To ensure all your traffic stays secure, disable HTTP and route everything through HTTPS.

@Configuration
public class WebServerConfig {

    @Bean
    public WebServerFactoryCustomizer<ConfigurableServletWebServerFactory> webServerCustomizer() {
        return (factory -> factory.setPort(8443));
    }

    @Bean
    public ServletWebServerFactory servletContainer() {
        TomcatServletWebServerFactory tomcat = new TomcatServletWebServerFactory();
        tomcat.addAdditionalTomcatConnectors(createHttpConnector());
        return tomcat;
    }

    private Connector createHttpConnector() {
        Connector connector = new Connector("org.apache.coyote.http11.Http11NioProtocol");
        connector.setScheme("http");
        connector.setPort(8080);
        connector.setSecure(false);
        connector.setRedirectPort(8443);
        return connector;
    }
}

Voilà! Now all your HTTP requests are automatically redirected to HTTPS, keeping everything safe and sound.

Putting It All Together

Combining all these security measures is where the magic happens. You get a robust and secure Spring Boot application that stands tough against web vulnerabilities.

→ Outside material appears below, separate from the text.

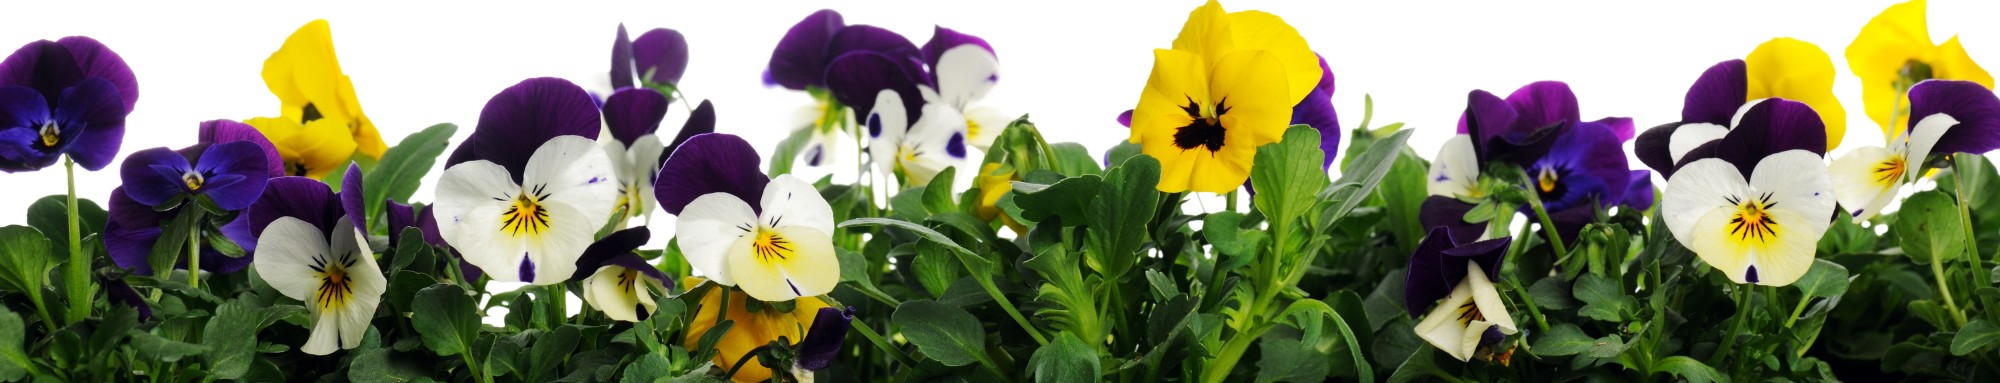 Pansies and Sun Catchers on Saturday, April 18, at 11:00.

Here’s how you can tie everything together:

@Configuration
@EnableWebSecurity
public class SecurityConfig extends WebSecurityConfigurerAdapter {

    @Override
    protected void configure(HttpSecurity http) throws Exception {
        http.cors().and().csrf((csrf) -> csrf.csrfTokenRepository(CookieCsrfTokenRepository.withHttpOnlyFalse()))
            .authorizeRequests()
            .anyRequest().authenticated();
    }

    @Bean
    public CorsFilter corsFilter() {
        UrlBasedCorsConfigurationSource source = new UrlBasedCorsConfigurationSource();
        CorsConfiguration config = new CorsConfiguration();
        config.setAllowCredentials(true);
        config.addAllowedOrigin("http://localhost:8080");
        config.addAllowedHeader("*");
        config.addAllowedMethod("*");
        source.registerCorsConfiguration("/**", config);
        return new CorsFilter(source);
    }
}

@Configuration
public class WebServerConfig {

    @Bean
    public WebServerFactoryCustomizer<ConfigurableServletWebServerFactory> webServerCustomizer() {
        return (factory -> factory.setPort(8443));
    }

    @Bean
    public ServletWebServerFactory servletContainer() {
        TomcatServletWebServerFactory tomcat = new TomcatServletWebServerFactory();
        tomcat.addAdditionalTomcatConnectors(createHttpConnector());
        return tomcat;
    }

    private Connector createHttpConnector() {
        Connector connector = new Connector("org.apache.coyote.http11.Http11NioProtocol");
        connector.setScheme("http");
        connector.setPort(8080);
        connector.setSecure(false);
        connector.setRedirectPort(8443);
        return connector;
    }
}

Wrapping Up

Securing your Spring Boot application shouldn’t give you nightmares. By enabling CORS, implementing CSRF protection, and using HTTPS, you can sleep easy knowing your application is safe from common threats. Just take things step by step, configure these settings carefully, and enjoy the peace of mind that comes with a robustly secured application.

And remember, your users might not see what’s under the hood, but they’ll definitely appreciate the protection you’ve put in place to keep their data safe.